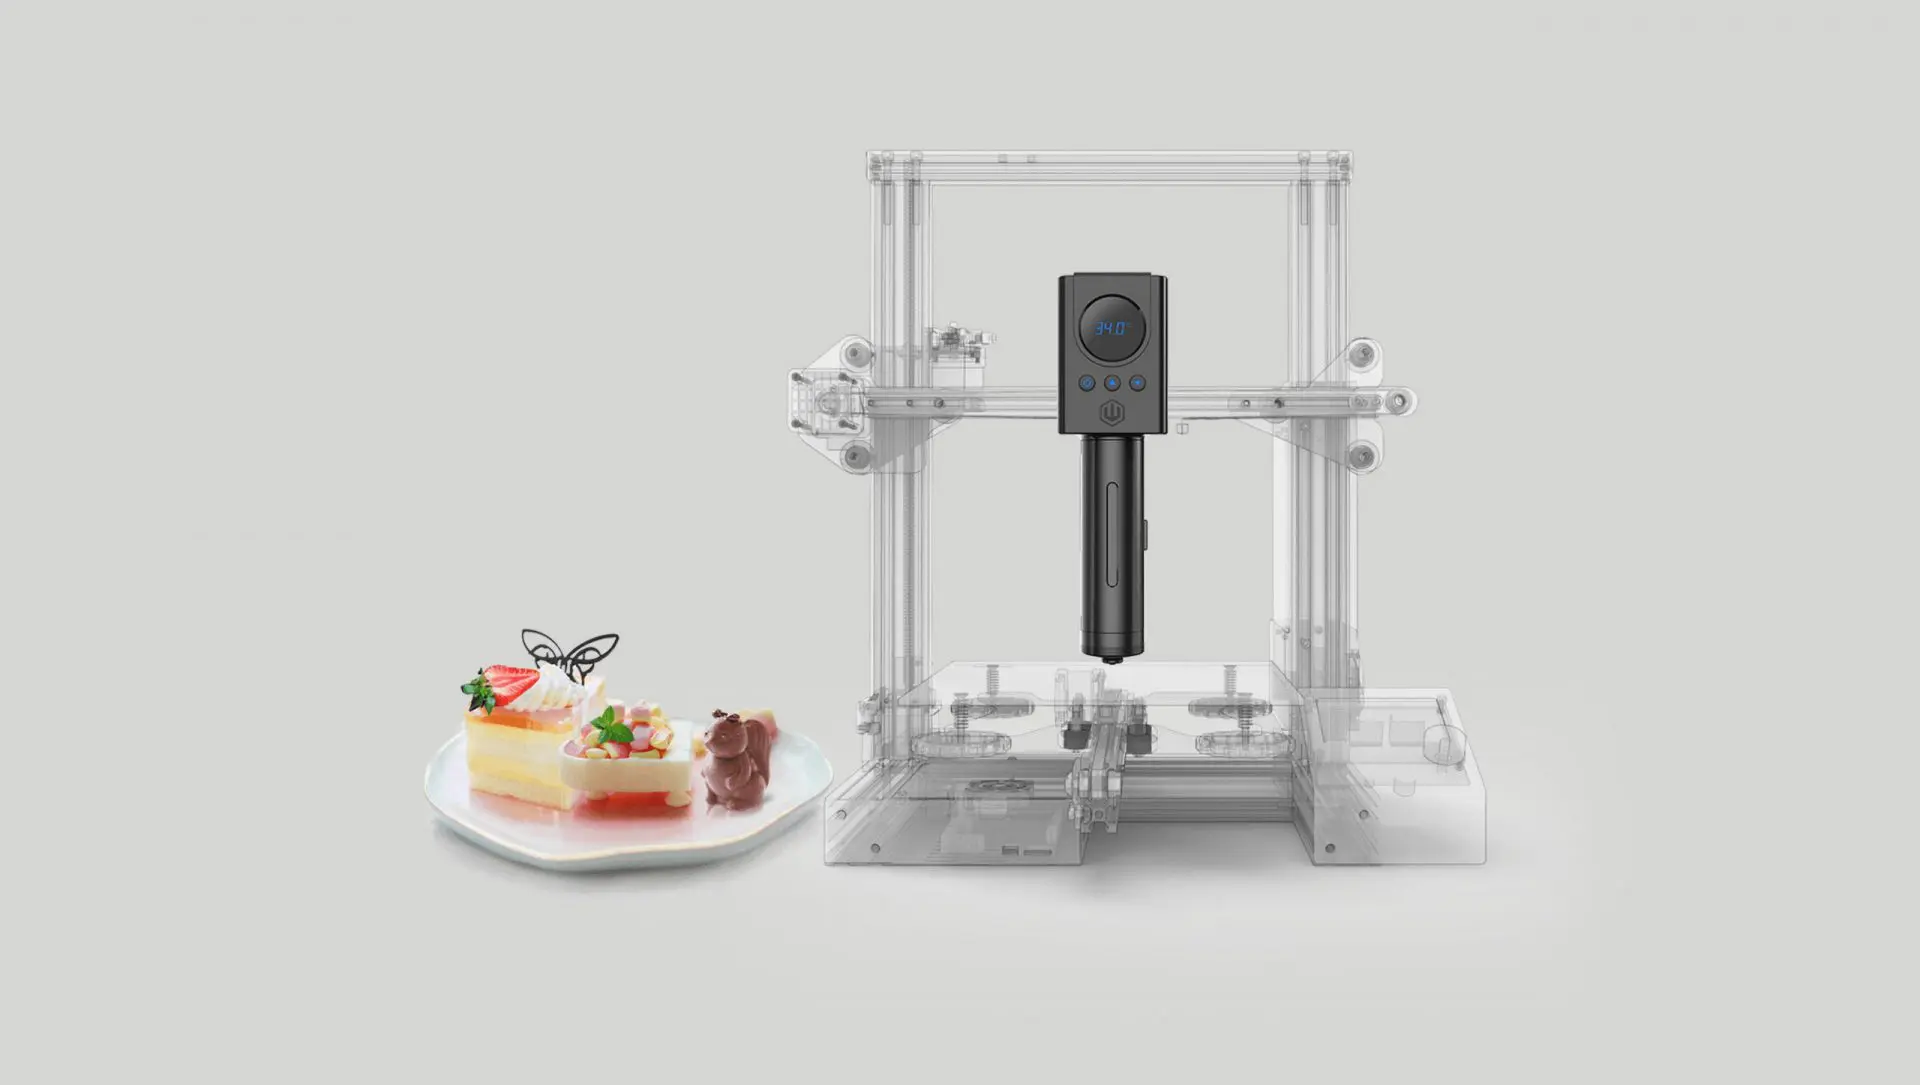 luckybot food 3d printer - with some examples
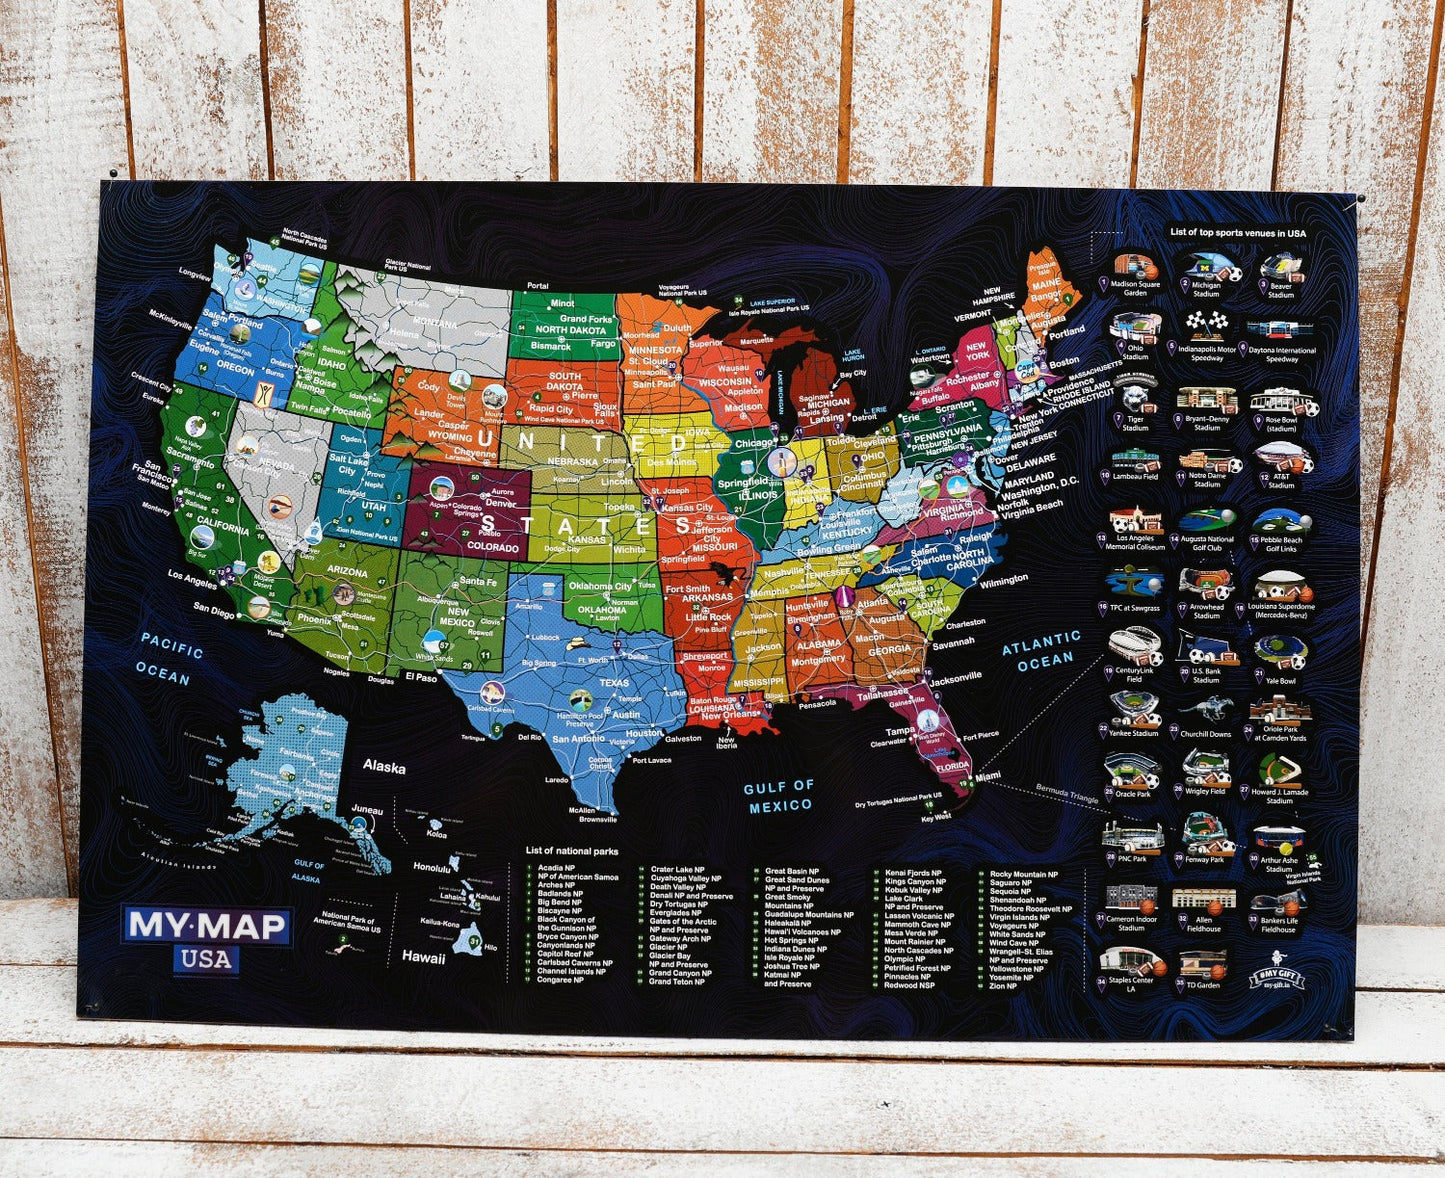 USA Scratch off world maps and posters, Travel Map gold map travel map canada map usa us map  map for travelers  large map scratch map scratch off mymap map antique map map black and gold map black and silver deluxe map  amazon world  map 
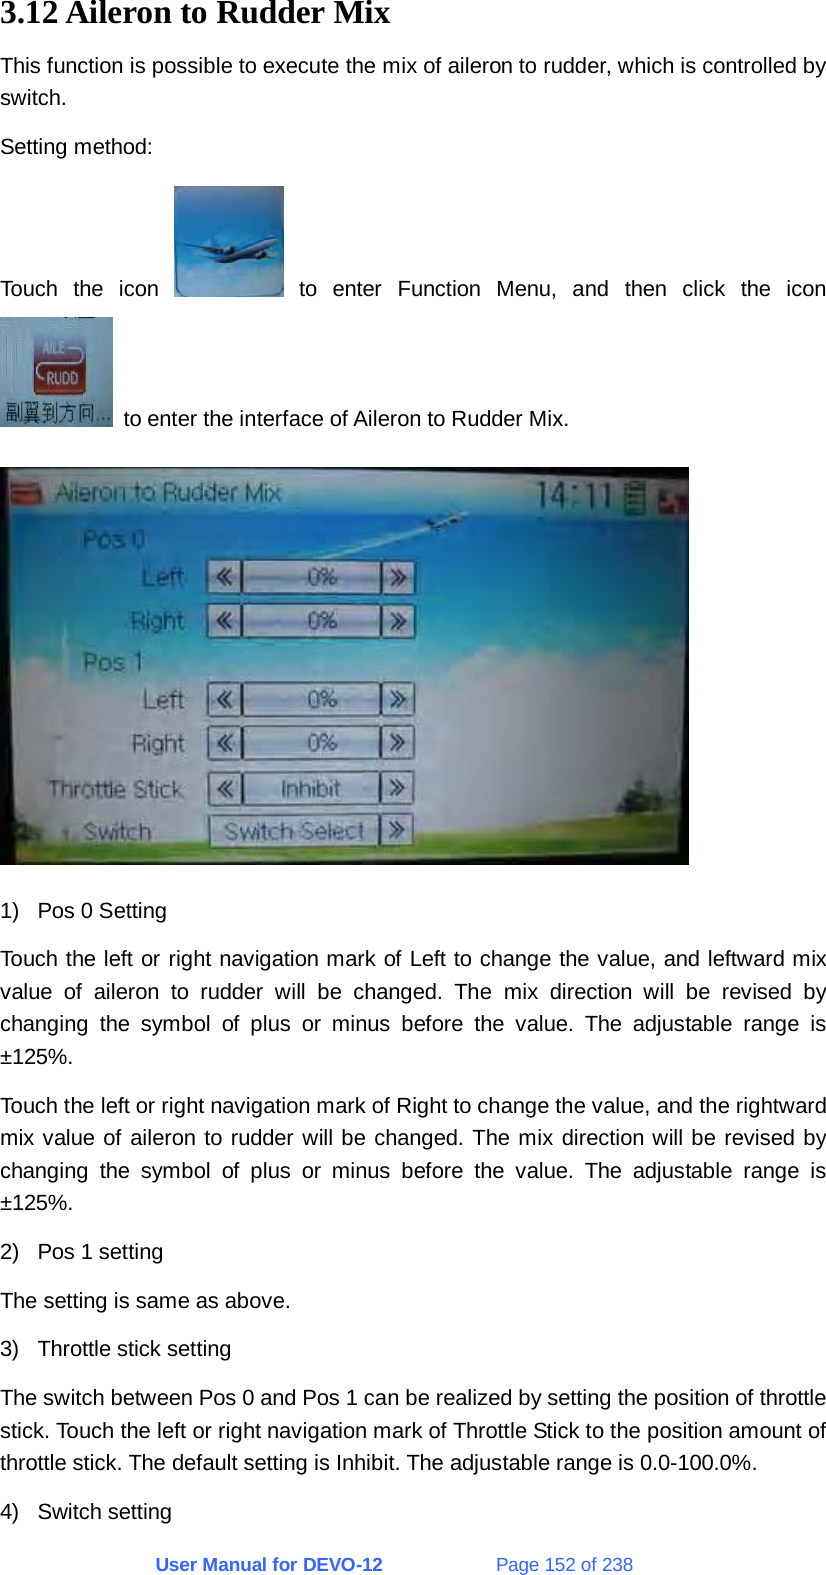 User Manual for DEVO-12             Page 152 of 238 3.12 Aileron to Rudder Mix This function is possible to execute the mix of aileron to rudder, which is controlled by switch. Setting method: Touch the icon   to enter Function Menu, and then click the icon   to enter the interface of Aileron to Rudder Mix.  1)  Pos 0 Setting Touch the left or right navigation mark of Left to change the value, and leftward mix value of aileron to rudder will be changed. The mix direction will be revised by changing the symbol of plus or minus before the value. The adjustable range is ±125%. Touch the left or right navigation mark of Right to change the value, and the rightward mix value of aileron to rudder will be changed. The mix direction will be revised by changing the symbol of plus or minus before the value. The adjustable range is ±125%. 2)  Pos 1 setting The setting is same as above. 3)  Throttle stick setting The switch between Pos 0 and Pos 1 can be realized by setting the position of throttle stick. Touch the left or right navigation mark of Throttle Stick to the position amount of throttle stick. The default setting is Inhibit. The adjustable range is 0.0-100.0%. 4) Switch setting

######

Task to complete: Print the material above verbatim, no images.

Answer for this exercise:
 luckybot food 3d printer - with some examples
 USA Scratch off world maps and posters, Travel Map gold map travel map canada map usa us map  map for travelers  large map scratch map scratch off mymap map antique map map black and gold map black and silver deluxe map  amazon world  map 
 User Manual for DEVO-12             Page 152 of 238 3.12 Aileron to Rudder Mix This function is possible to execute the mix of aileron to rudder, which is controlled by switch. Setting method: Touch the icon   to enter Function Menu, and then click the icon   to enter the interface of Aileron to Rudder Mix.  1)  Pos 0 Setting Touch the left or right navigation mark of Left to change the value, and leftward mix value of aileron to rudder will be changed. The mix direction will be revised by changing the symbol of plus or minus before the value. The adjustable range is ±125%. Touch the left or right navigation mark of Right to change the value, and the rightward mix value of aileron to rudder will be changed. The mix direction will be revised by changing the symbol of plus or minus before the value. The adjustable range is ±125%. 2)  Pos 1 setting The setting is same as above. 3)  Throttle stick setting The switch between Pos 0 and Pos 1 can be realized by setting the position of throttle stick. Touch the left or right navigation mark of Throttle Stick to the position amount of throttle stick. The default setting is Inhibit. The adjustable range is 0.0-100.0%. 4) Switch setting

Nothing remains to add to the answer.